Она оглядывается по сторонам и видит в смущении и страхе, что все гости Уилла наблюдают за ее столкновением с этим голым, толстым мужчиной в очках – и это не только ее семья и друзья детства. Миссис Хендерсон, ее наставница на первом курсе колледжа, стоит у графина с пуншем, а Бобби Хэйген, который будет учить ее на старшем курсе, обнимает блондинку, ту самую, у которой был братишка с товарищами.
Барри, вспоминает Джесси. Ее брата зовут Барри, а ее – Оливия.
Блондинка слушает, что говорит ей Бобби Хэйген, но смотрит на Джесси. Ее лицо спокойно, но выглядит несколько отчужденным. На ней кофточка с изображением дикаря, бегущего по улице города. Позади Оливии стоит Кендал Уилсон, который наймет Джесси на ее первую работу в школе, и он ест кусок праздничного шоколадного торта вместе с миссис Пэйдж, ее учительницей музыки. Миссис Пэйдж выглядит довольно симпатично для человека, который умер от удара два года назад за стаканом аперитива.
"Странное собрание, – размышляет Джесси. – Все, кого я когда-то знала, собрались тут, под этим тусклым полдневным небом с горящими звездами, разглядывая моего голого мужа, и пытаются заковать меня в кандалы, в то время как Марвин Гэй поет «Мне нужен свидетель».
Затем начинается что-то невообразимое. Миссис Уэртц, ее учительница в первом классе, начинает смеяться.

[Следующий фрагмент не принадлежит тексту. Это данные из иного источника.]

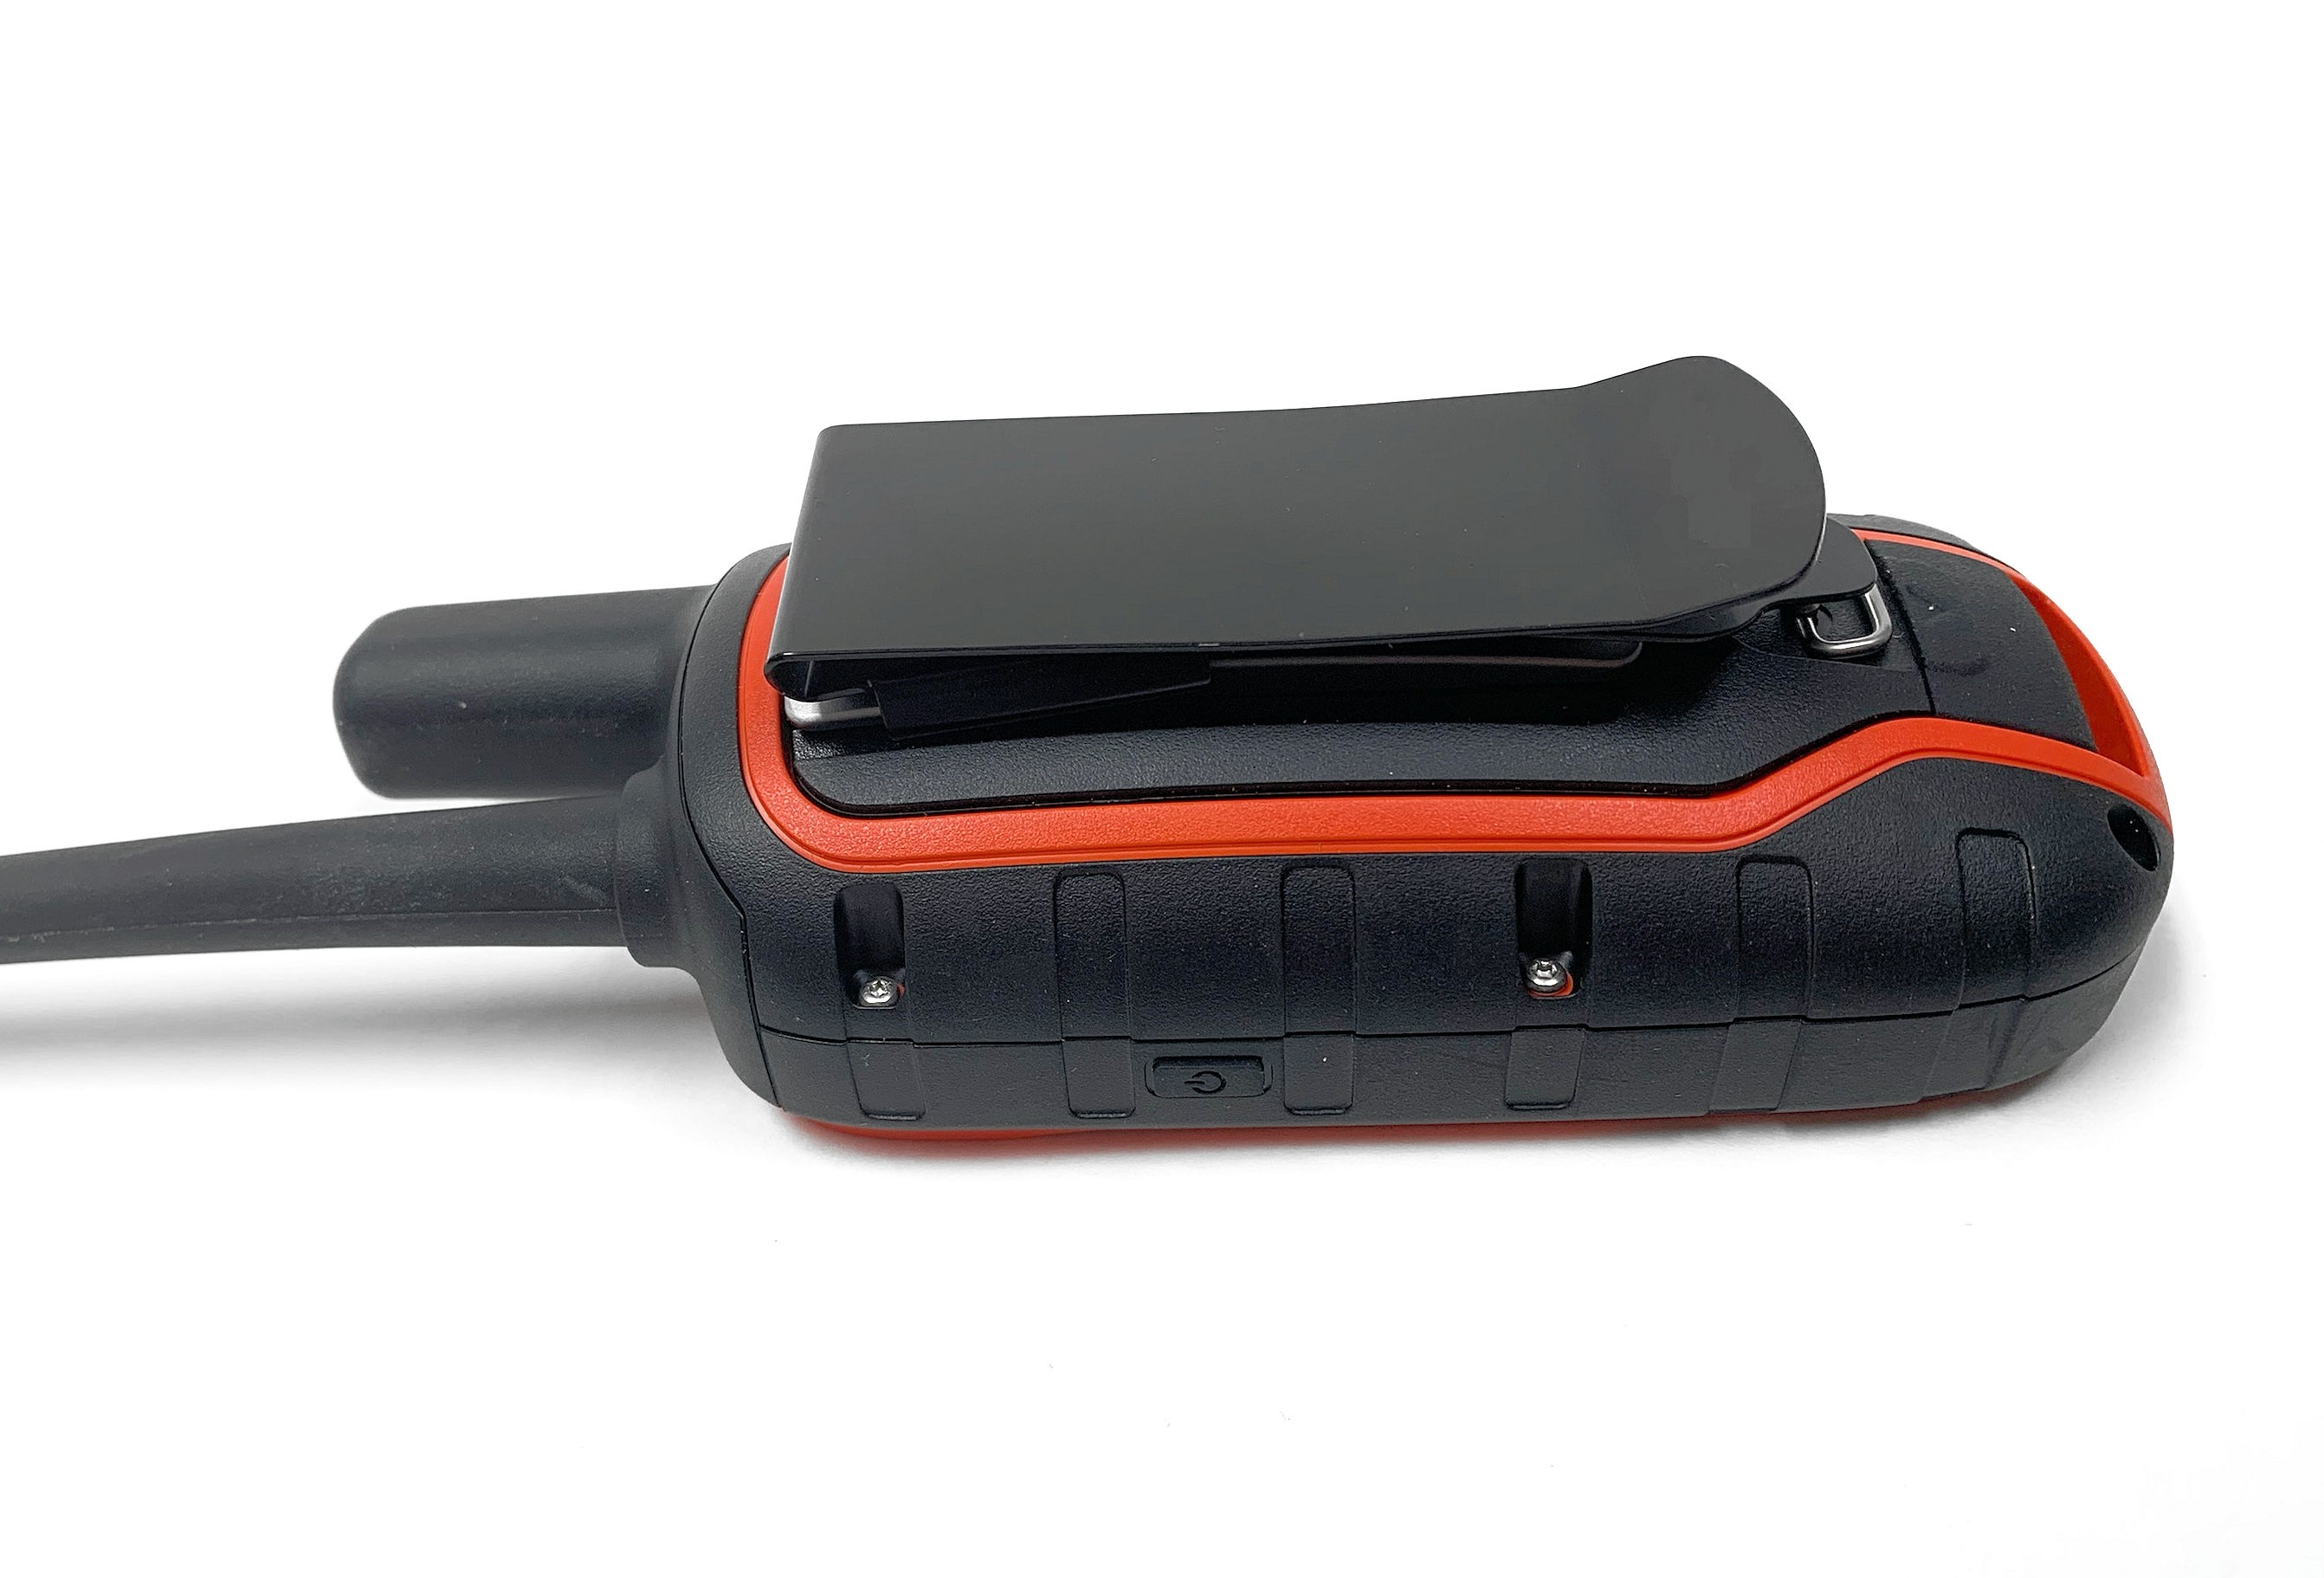 Klipzer connector for Garmin Handheld
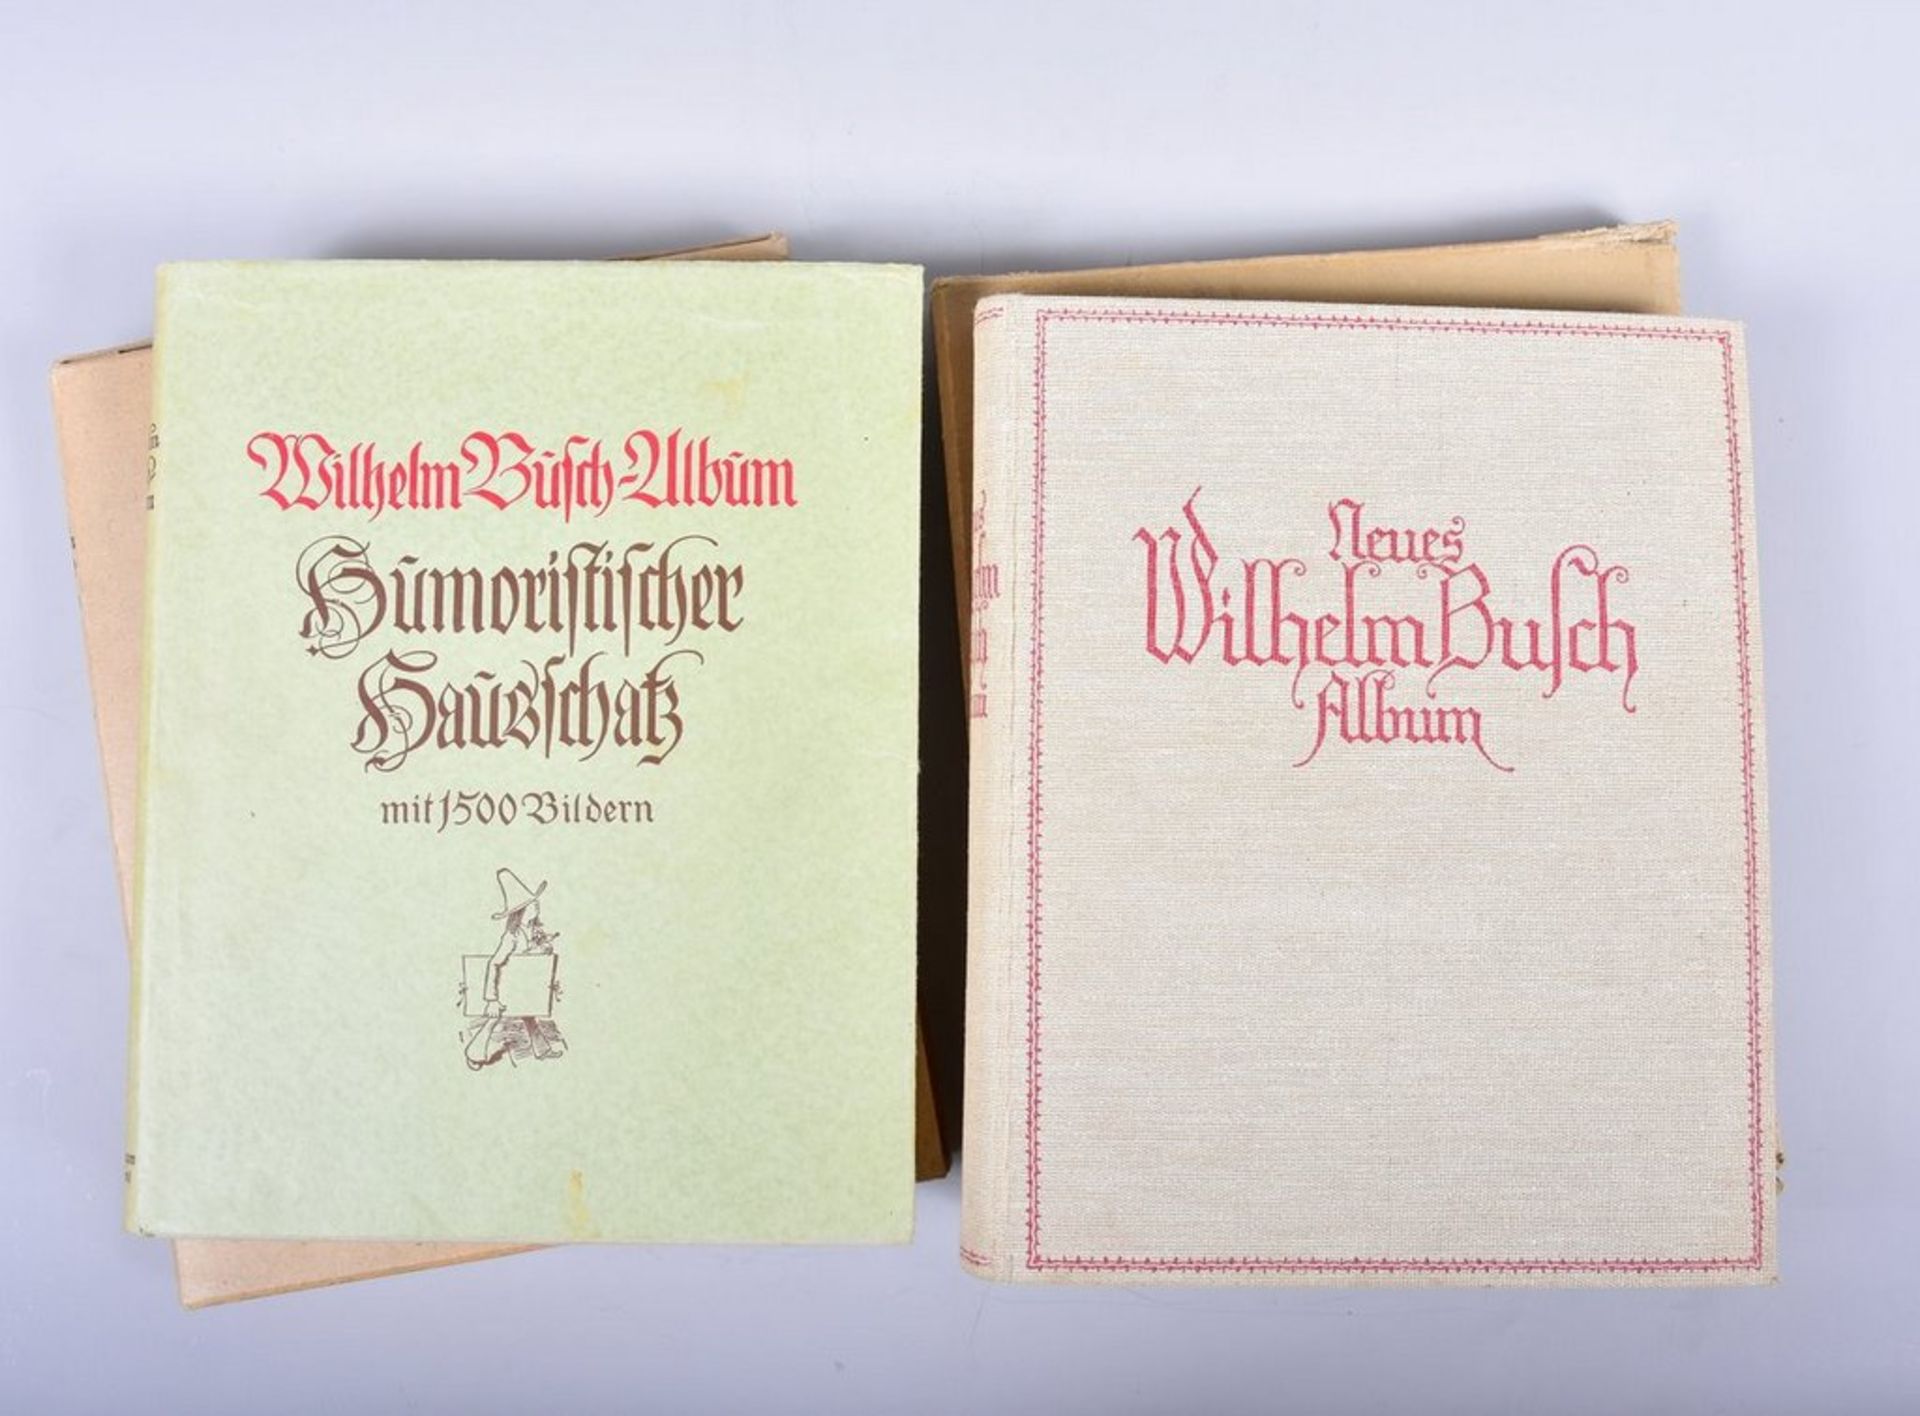 "Neues Wilhelm Busch Album", Verlagsanstalt H. Klemm, Berlin 1936, mit 1600 Bildern, "Wilhelm

Старый мистер Кобб, их садовник до пенсии, на которую он ушел в 1964 году, смеется вместе с ней и показывает пальцем. Мэдди присоединяется к общему хохоту, и Рут, и Оливия с ожогами на грудях. Кендал Уилсон и Бобби Хэйген сложились почти пополам от смеха. Они шлепают друг друга по спине и утирают слезы.
Джесси опускает глаза, смотрит на себя и видит что она тоже совершенно голая. По ее грудям идет надпись яркой помадой «Юм-Юм с мятой»: «Папина девочка».
Я должна проснуться, думает Джесси. Если я не проснусь, я умру от стыда и страха.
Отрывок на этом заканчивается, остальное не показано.